The hair was clipped, and after an aseptic preparation, 2% lidocaine was infiltrated into the subcutaneous tissues over the left jugular vein and a 14-gauge catheter was placed. Horses were sedated by use of xylazine (0.5 mg/kg, IV), restrained by an experienced handler using an appropriate halter, and equipped with all catheters in the same way for both experiments: the area over the left or right transverse facial artery was clipped and cleaned. After local desensitization with 2% lidocaine (0.3 mL), a 20-gauge catheter was placed into the transverse facial artery and used for collection of arterial blood samples.

Aseptic preparation of the ventral neck and local infiltration with lidocaine was performed to place a transtracheal tube for oxygen administration and a transtracheal catheter for FIO2 measurement. A vertical stab incision was made approximately 10 cm caudal to the larynx, and the soft tissues were bluntly dissected away from the trachea. A No. 10 blade was used to create a stab incision through the tracheal annular ligament between 2 cartilaginous rings. A 12 Fr polyvinyl Levin Tube was inserted between the tracheal rings and directed distally in the tracheal lumen.

A 14-g Teflon over-needle catheter was placed approximately 20 cm caudal to the oxygen delivery tube and advanced caudally into the trachea. An 8.5 Fr (external diameter) transtracheal oxygen catheter was connected to a multiparameter monitor for inspiratory and expiratory oxygen concentration measurements.
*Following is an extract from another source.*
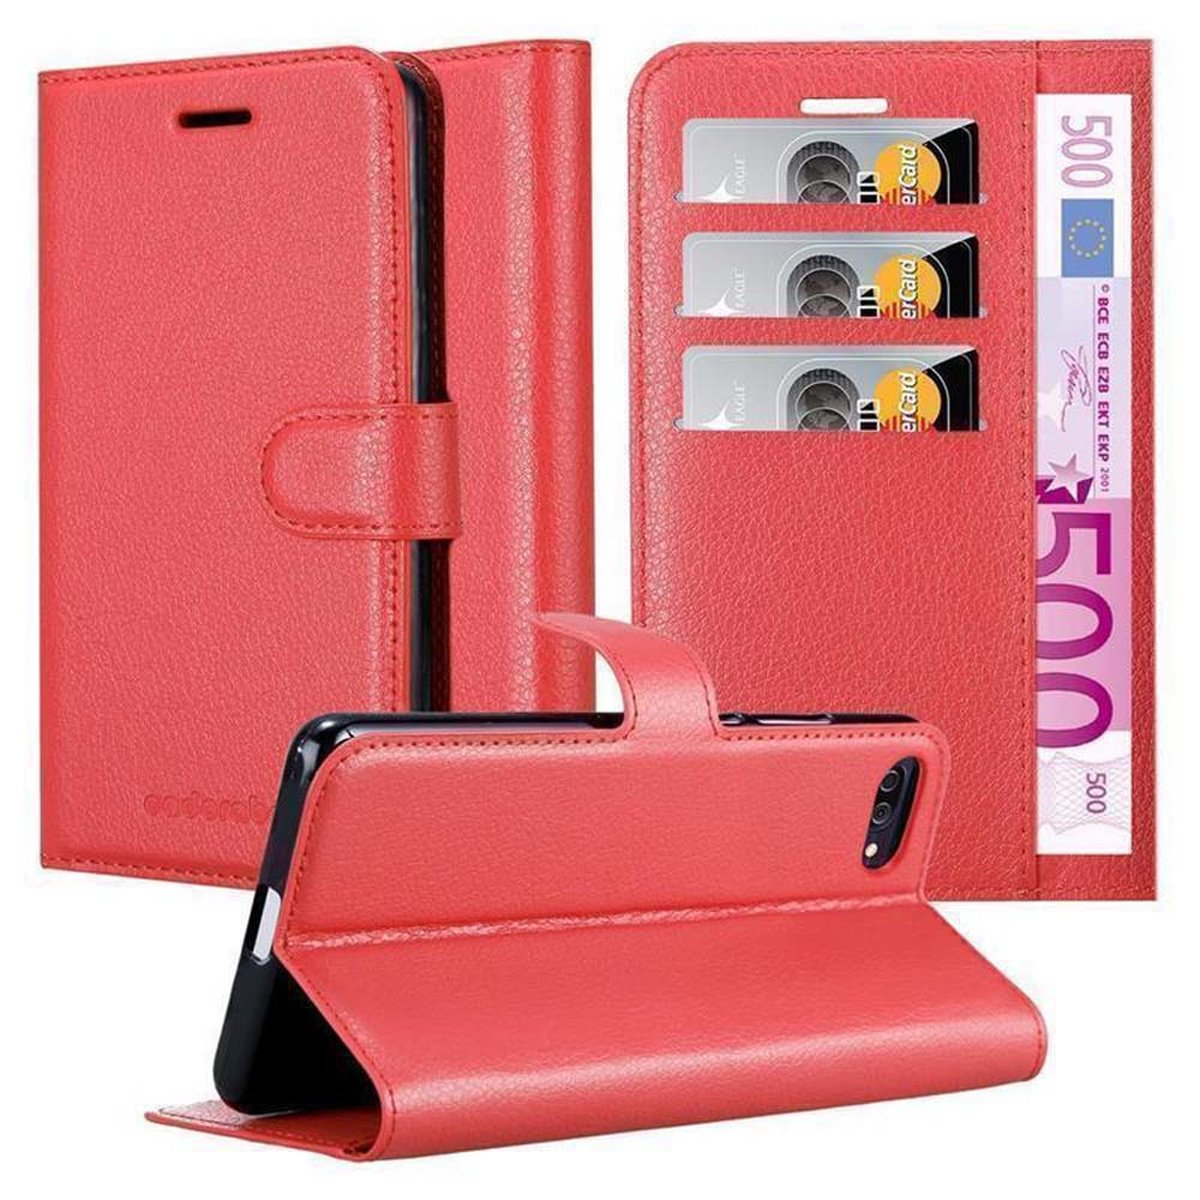 MAX KARMIN Bookcover, Standfunktion, 4 ZenFone Hülle ROT Book (5.5 CADORABO Asus, Zoll),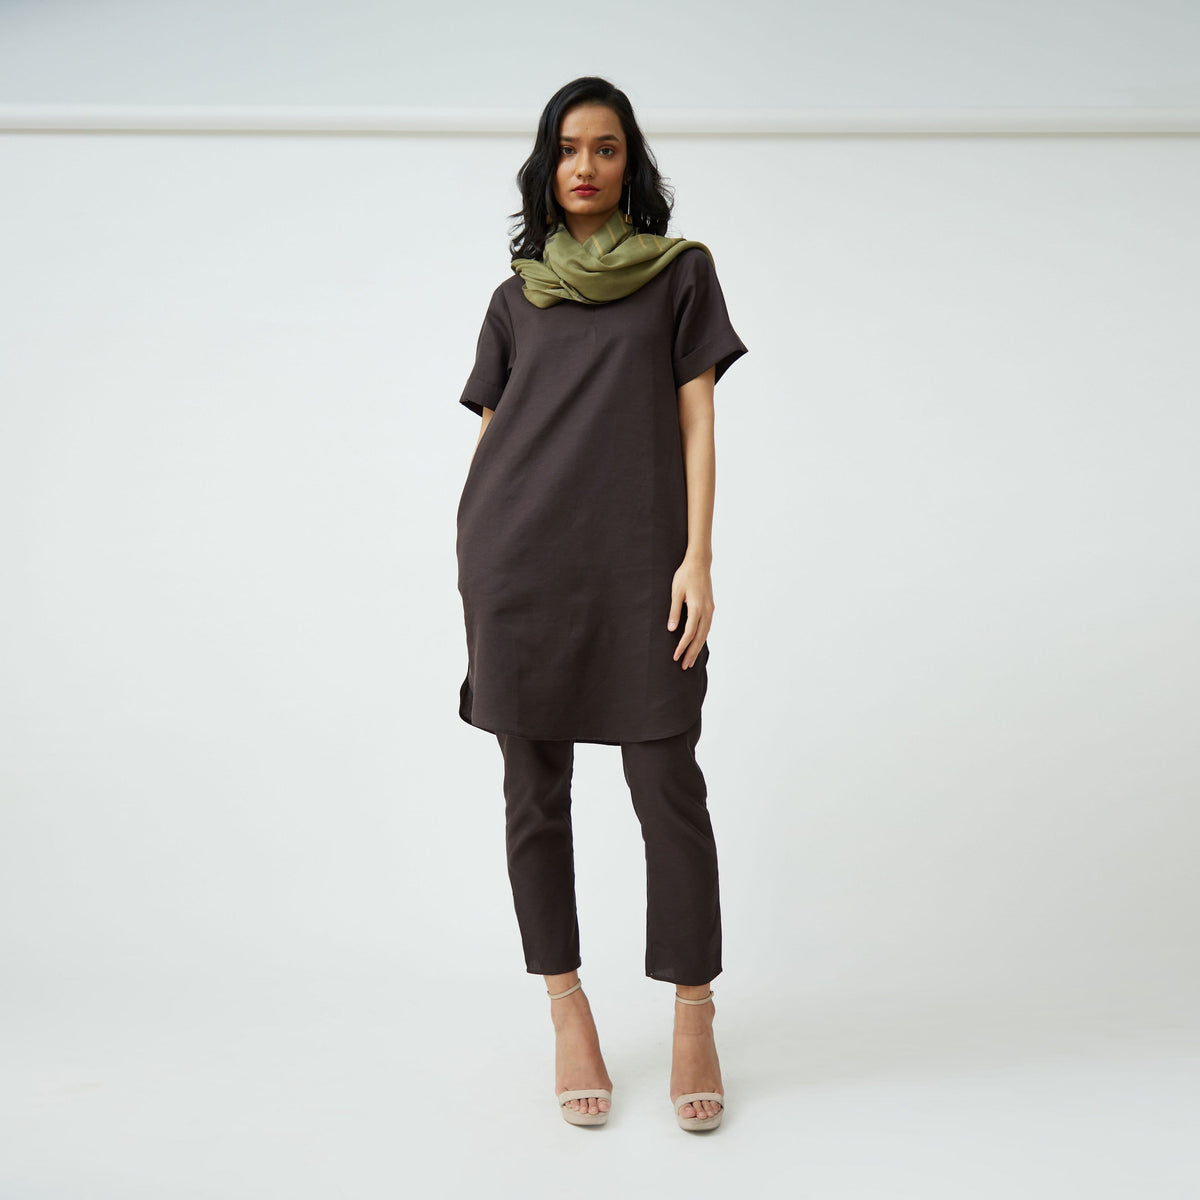 Saltpetre womens wear, indo-western pants and long tunic for semi formal, casual, occassional wear. Comfortably pencil-shaped ankle-length leg pants in coffee brown colour. Ankle length, back elastic and side pockets.

A nasal cannula (internal diameter, 7.1 mm) was inserted via the nostrils until the tip was located approximately at the level of the medial canthus of the eye, as determined by prior measurement.

Experimental design

A blinded, randomized crossover design study was used. Horses were assigned using a computer-generated randomization list (www.randomization.com) to receive oxygen via either nasal cannula (group N) or intratracheal catheter (group T). After a minimum washout period of 1 week, the experiment was repeated and horses received oxygen via the other delivery system.

Following baseline measurements, horses received oxygen via the respective delivery system over a period of 1 hour starting with a fresh gas flow of 5 L/min for the first 10 minutes, 10 L/min for the following 10 minutes, and 15 L/min for the remaining 40 minutes.

Arterial samples were obtained and immediately analyzed prior to oxygen supplementation as a baseline. During insufflation, samples were obtained at 5, 10, 15, 20, 25, 30, 45, and 60 minutes, as well as 5, 10, 15, 20, and 30 minutes after insufflation.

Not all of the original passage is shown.